Hi,
I've came across "unexpected" model behaviour when dealing with late data
and custom timestamp combiners. Let's take a following pipeline as an
example:
final PCollection<String> input = ...;
input.apply(
"GlobalWindows",
Window.<String>into(new GlobalWindows())
.triggering(
AfterWatermark.pastEndOfWindow()
.withEarlyFirings(
AfterProcessingTime.pastFirstElementInPane()
.plusDelayOf(Duration.standardSeconds(10))))
.withTimestampCombiner(TimestampCombiner.LATEST)
.withOnTimeBehavior(Window.OnTimeBehavior.FIRE_IF_NON_EMPTY)
.accumulatingFiredPanes())
.apply("Aggregate", Count.perElement())
The above pipeline emits updates with the latest input timestamp it has
seen so far (from non-late elements). We write the output from this
timestamp to kafka and read it from another pipeline.
Problem comes when we need to handle late elements behind output watermark.
In this case beam can not use combined timestamp and uses EOW timestamp
instead. Unfortunately this results in downstream pipeline progressing it's
input watermark to end of global window. Also if we would use fixed windows
after this aggregation, it would yield unexpected results.
There is no reasoning about this behaviour in the last section of lateness
design doc <https://s.apache.org/beam-lateness> [1], so I'd like to open a
discussion about what the expected result should be.
My personal opinion is, that correct approach would be emitting late
elements with currentOutputWatermark rather than EOW in case of EARLIEST
and LATEST timestamp combiners.
I've prepared a faling test case for ReduceFnRunner
<https://github.com/dmvk/beam/commit/c93cd26681aa6fbc83c15d2a7a8146287f1e850b>,
if anyone wants to play around with the issue.
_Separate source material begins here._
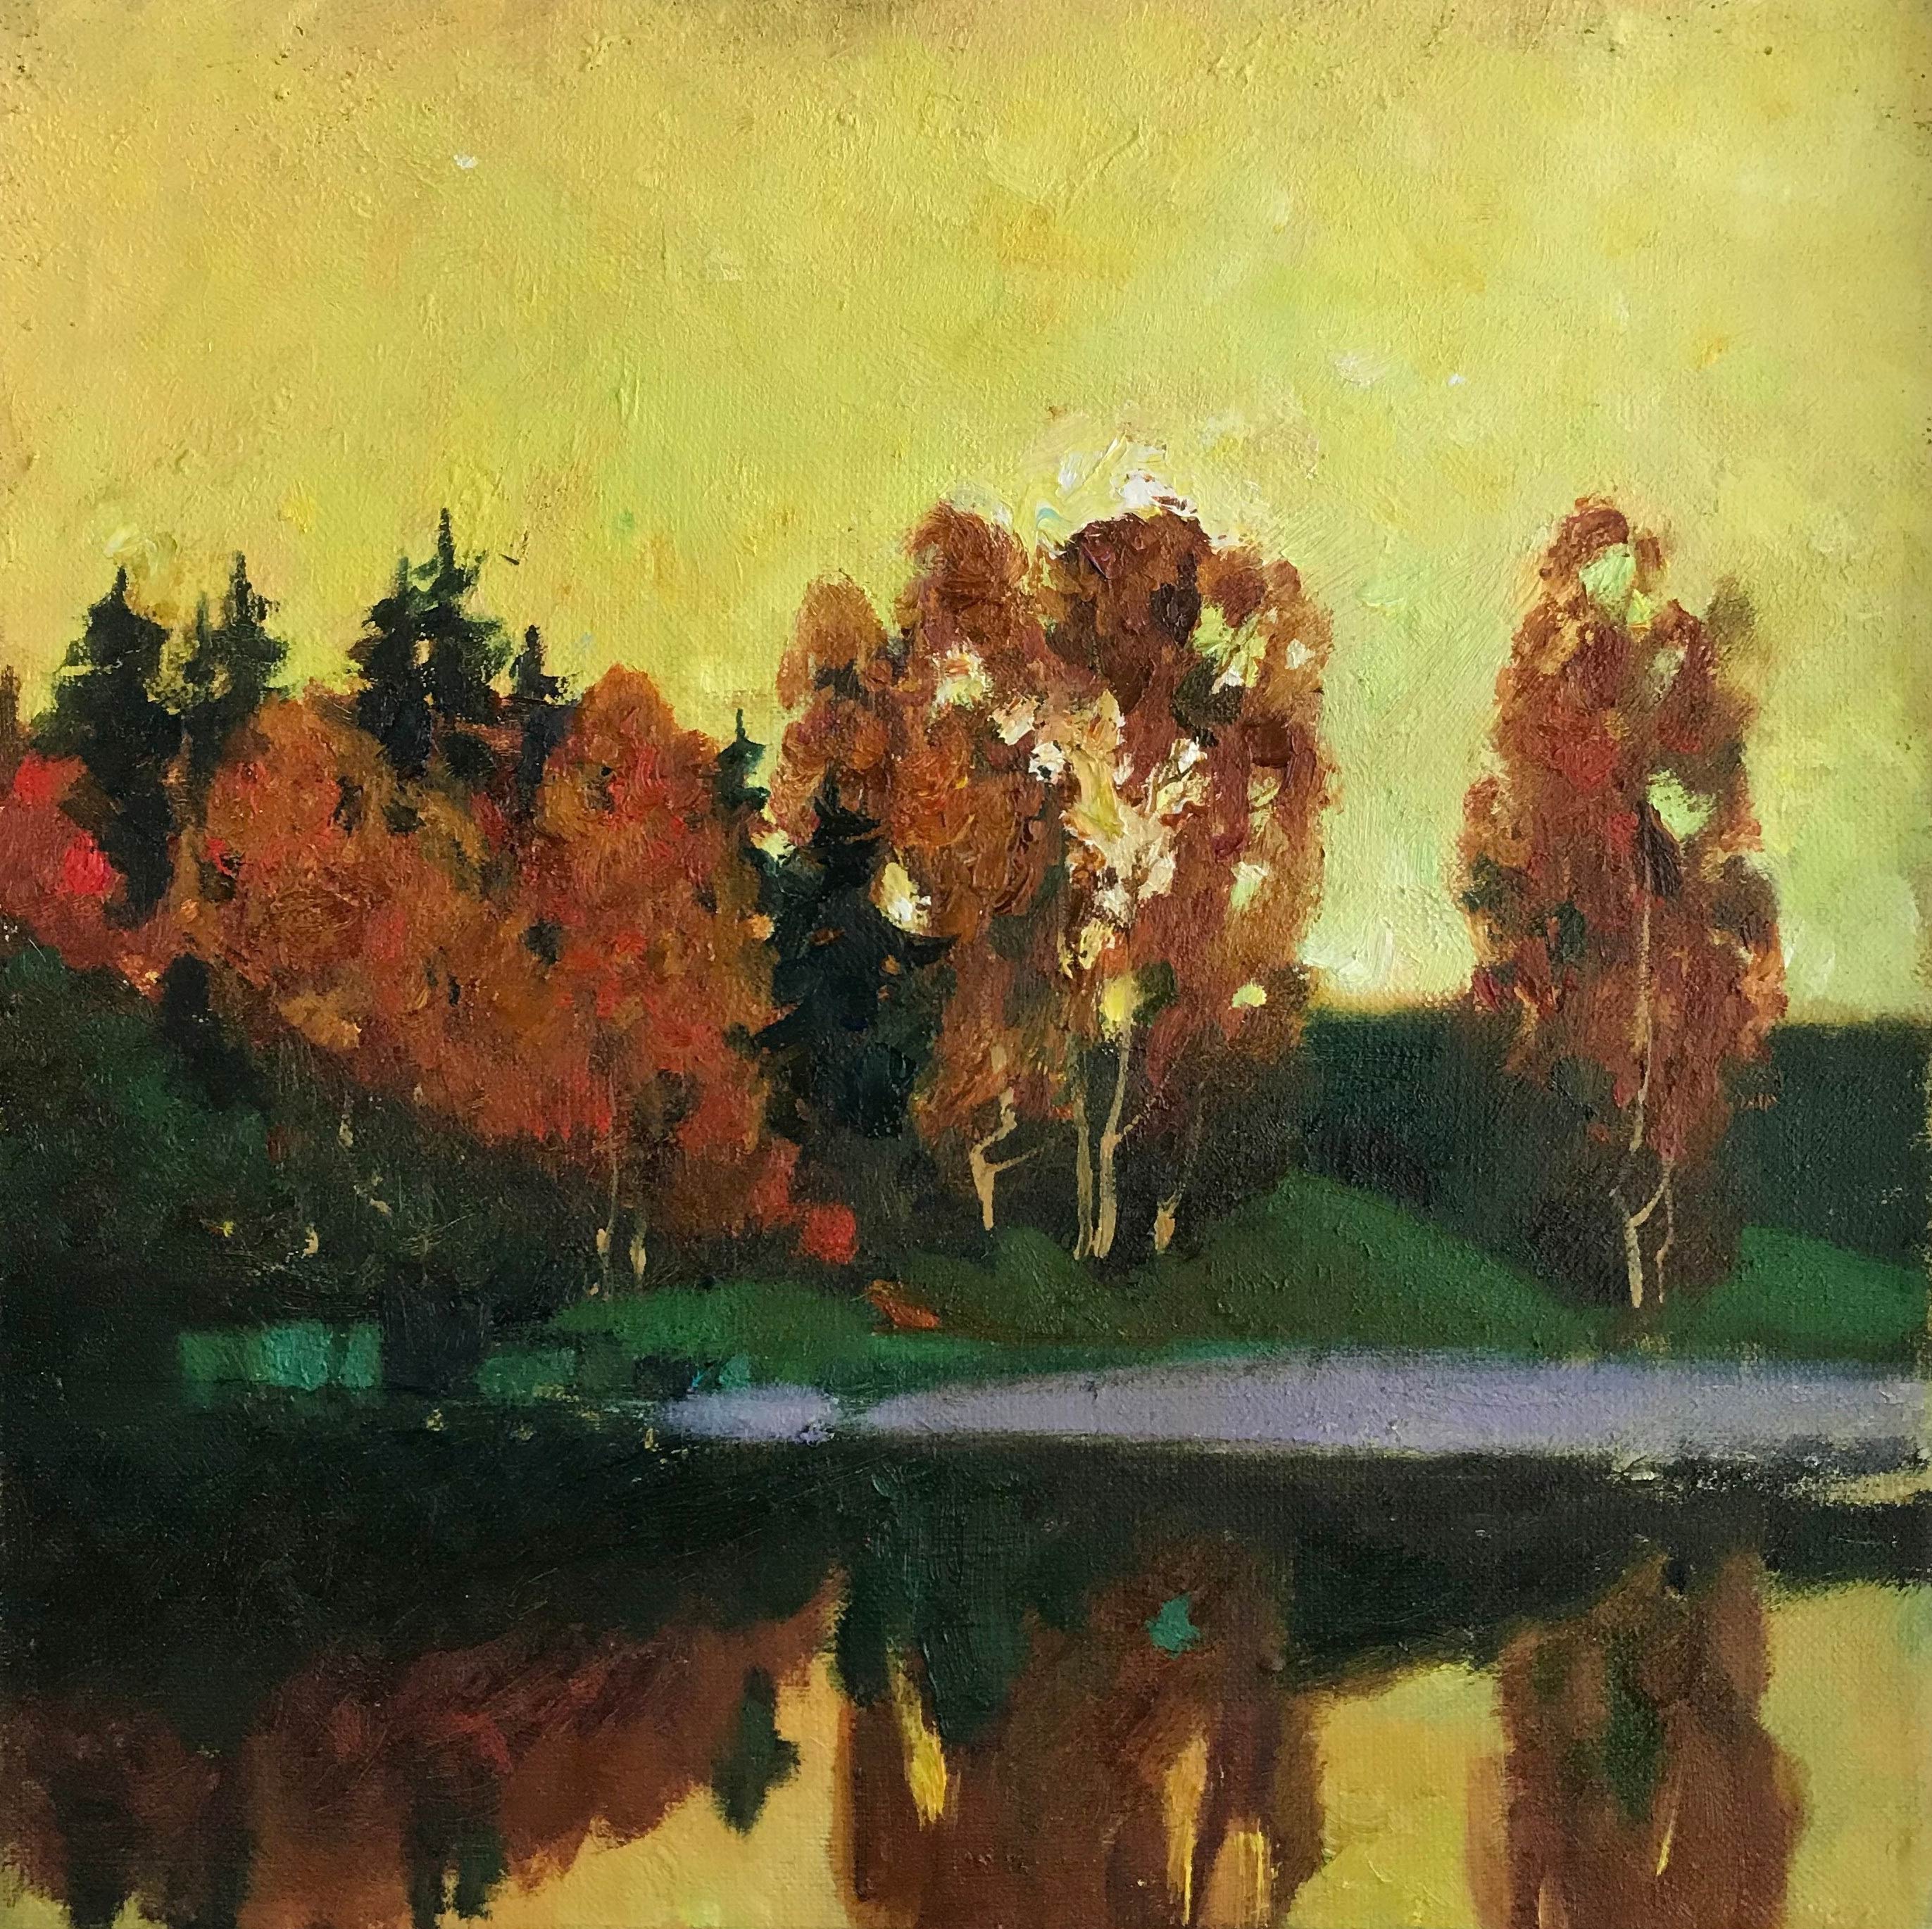 Warm Evening - 1, Evgeniya Davletshina, Buy the painting Oil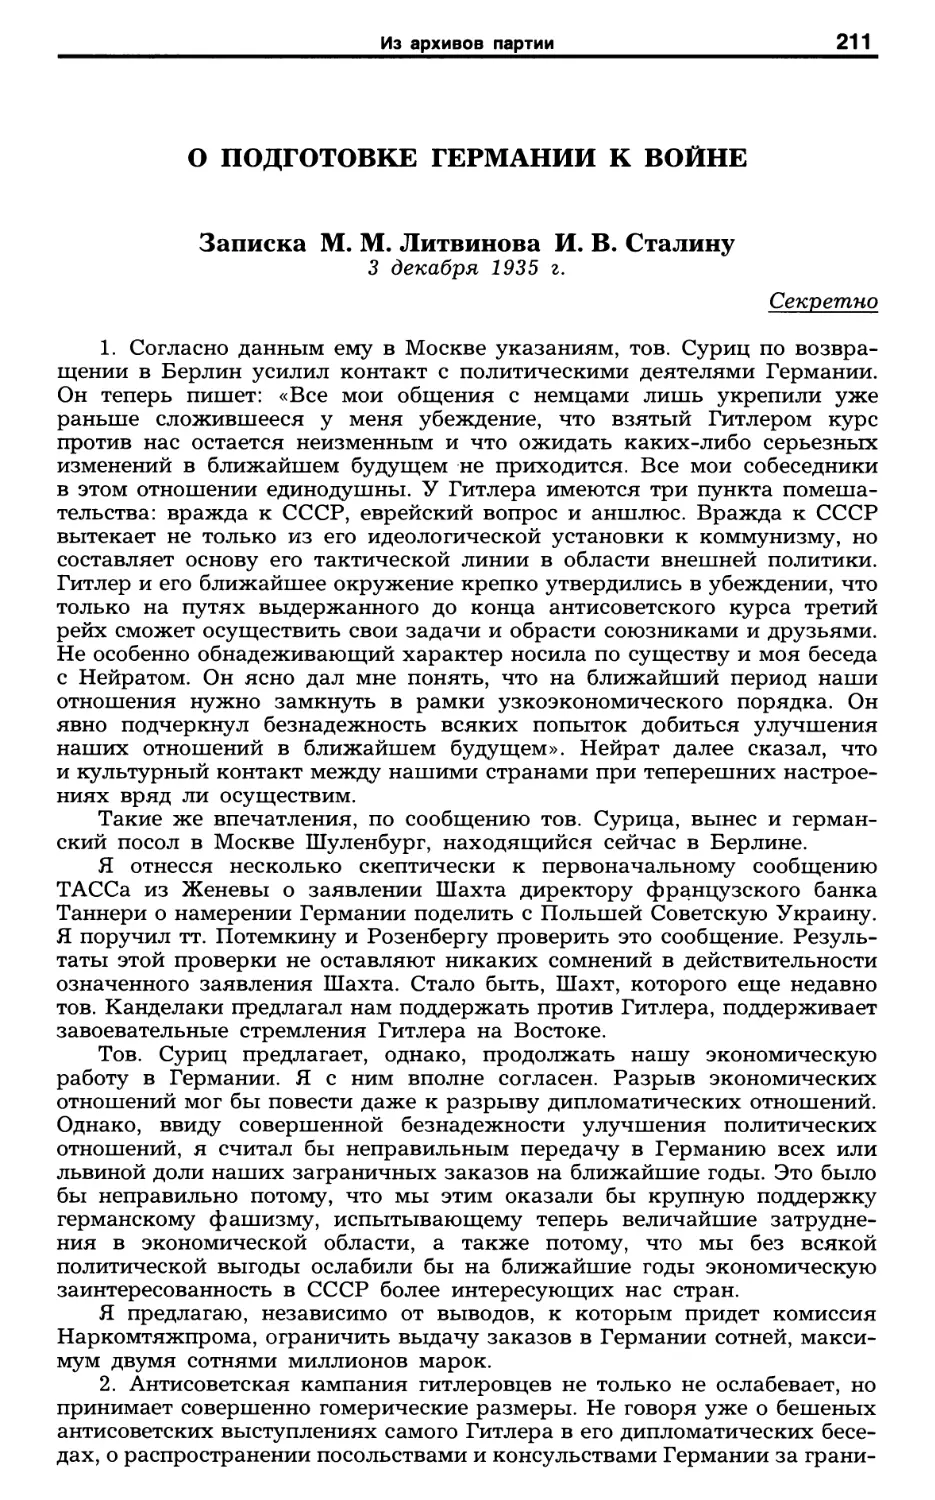 О подготовке Германии к войне. Записка М. М. Литвинова И. В. Сталину. 3 декабря 1935 г

I also think that BEAM-2262
<https://issues.apache.org/jira/browse/BEAM-2262> [2] may be related to
this discussion.
[1] https://s.apache.org/beam-lateness
[2] https://issues.apache.org/jira/browse/BEAM-2262
[3]
https://github.com/dmvk/beam/commit/c93cd26681aa6fbc83c15d2a7a8146287f1e850b
Looking forward to hearing your thoughts.
Thanks,
D.